Entering and exiting the facility was a carefully choreographed endeavour, she says. Departures were made especially intricate by a requirement to take both a chemical shower and a personal shower – the timing of which were precisely planned. The Wuhan lab uses a bespoke method to make and monitor its disinfectants daily, a system Anderson was inspired to introduce in her own lab.

Medical personnel conduct detections at the clinical laboratory of the Leishenshan (Thunder God Mountain) Hospital in Wuhan, central China’s Hubei Province, March 4, 2020. (Photo/Xinhua)

The discussion about the origins of COVID have two competing theories. The “natural origin” theory argues the virus spread naturally from animals, without the involvement of any scientists or laboratories.

The ‘lab leak’ theory’ has two strands. The first, commented on by Dr. Embarek, is that COVID was accidentally acquired by laboratory workers.

This is often confused with a second strand which is the idea that COVID is a man-made bio-weapon that leaked from the lab. This second strand is promoted by the far-right in the United States and given some status by segments of the US mainstream and social media. In a bizarre combination of contradictions, some US Republican lawmakers claim U.S. experts with Chinese and U.S. government funds worked together to modify coronaviruses to infect humans.

Dr.

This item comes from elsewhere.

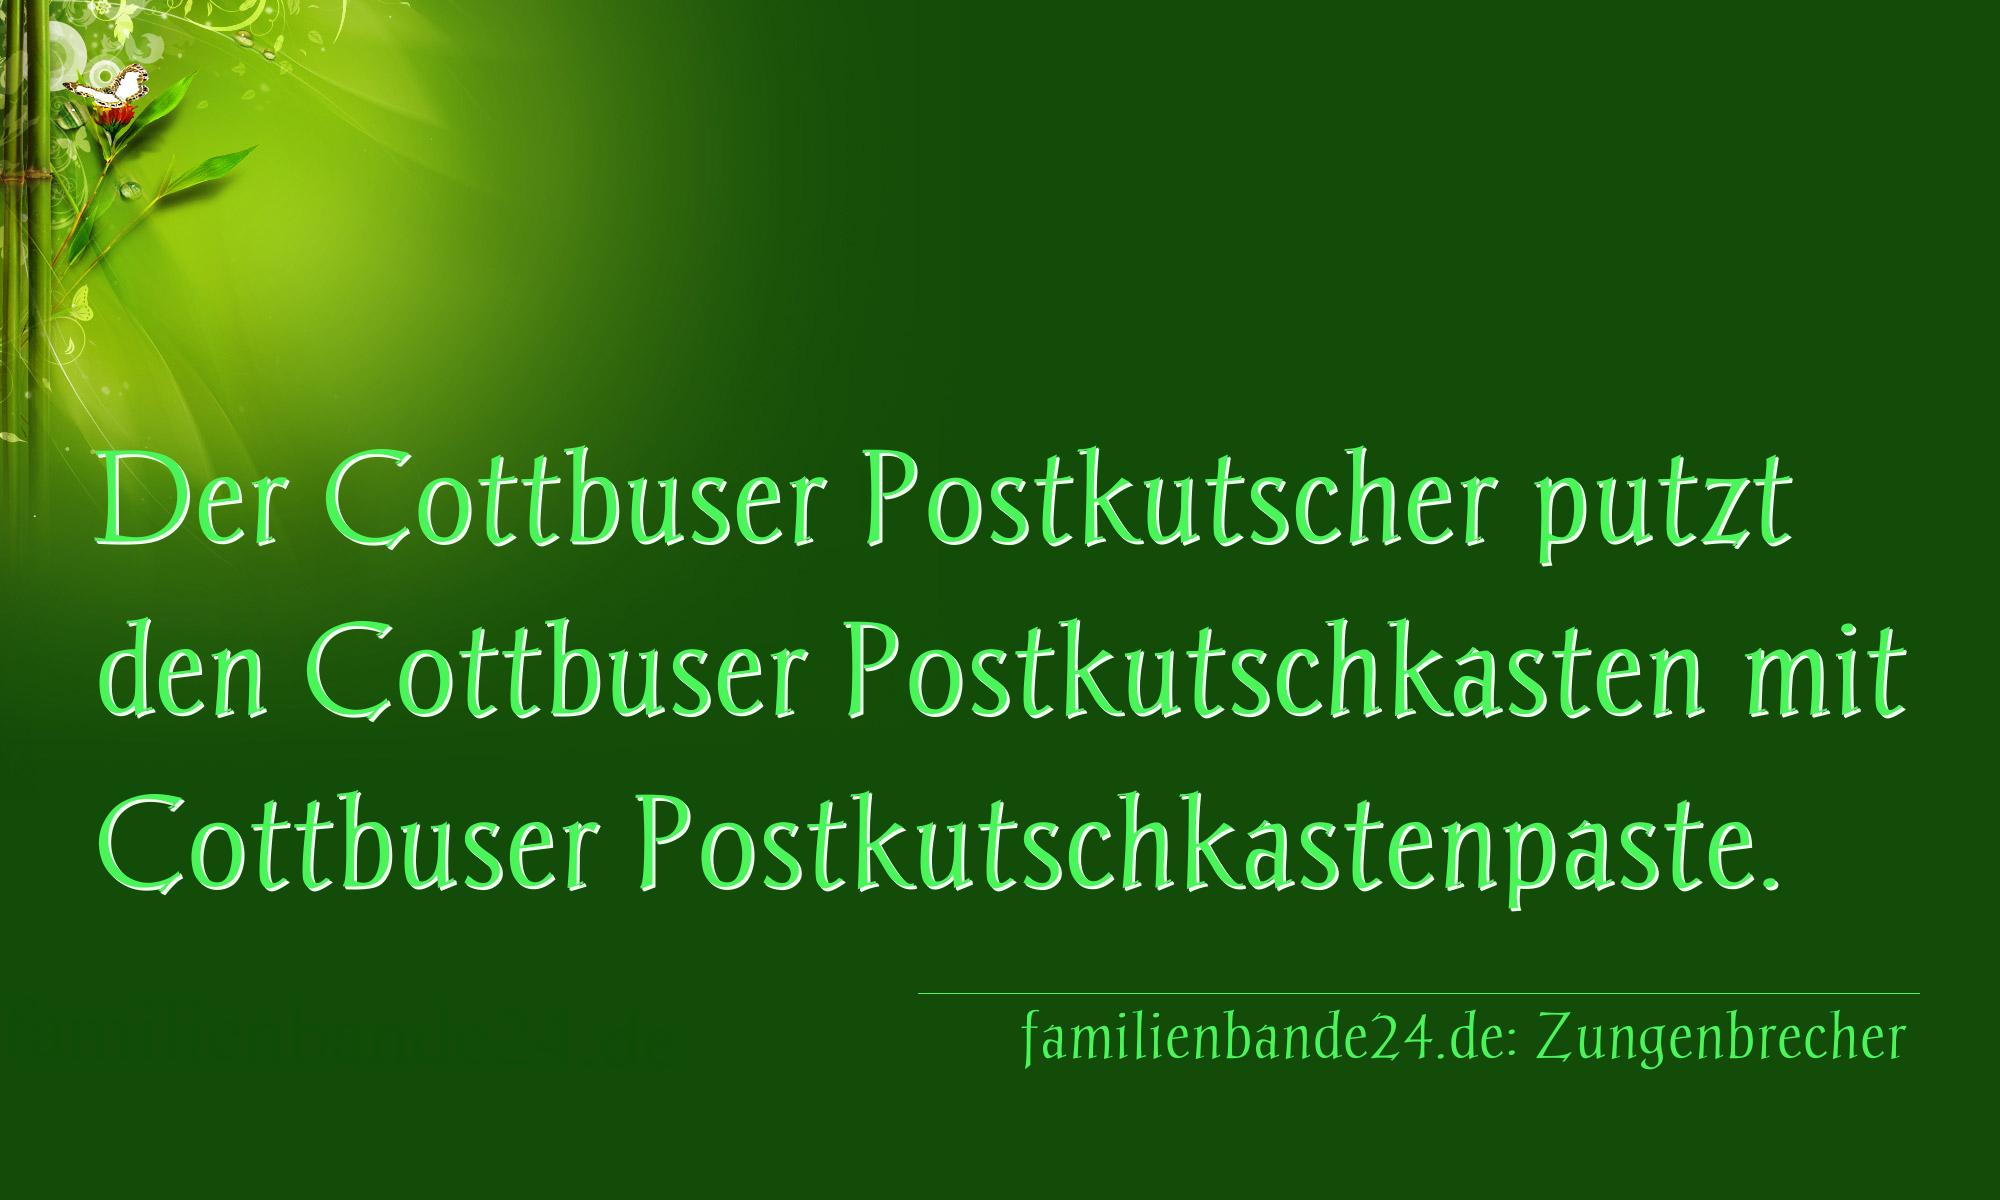 Zungenbrecher Nr. 726: Der Cottbuser Postkutscher putzt den Cottbuser Postkutschk [...]

Embarek told TV2 the purpose of the WHO team’s visit was “collaboration and discussion” with China. In a new statement, the WHO said the search for the pandemic’s origins “should not be an exercise in attributing blame, finger-pointing or political point-scoring.” The agency said its first analysis of the coronavirus origins found “there was insufficient scientific evidence to rule any of the hypotheses out.”

All options must be considered as research continues. It took decades to identify the source of HIV. Understanding how and where the virus originated is crucial to prevent it from happening again.

You do not need to be an expert to realise these are complex epidemiological trails and the media does a disservice to us all by suggesting there are simplistic solutions or answers. Dr. Embarek’s comments are not evidence of a lab leak.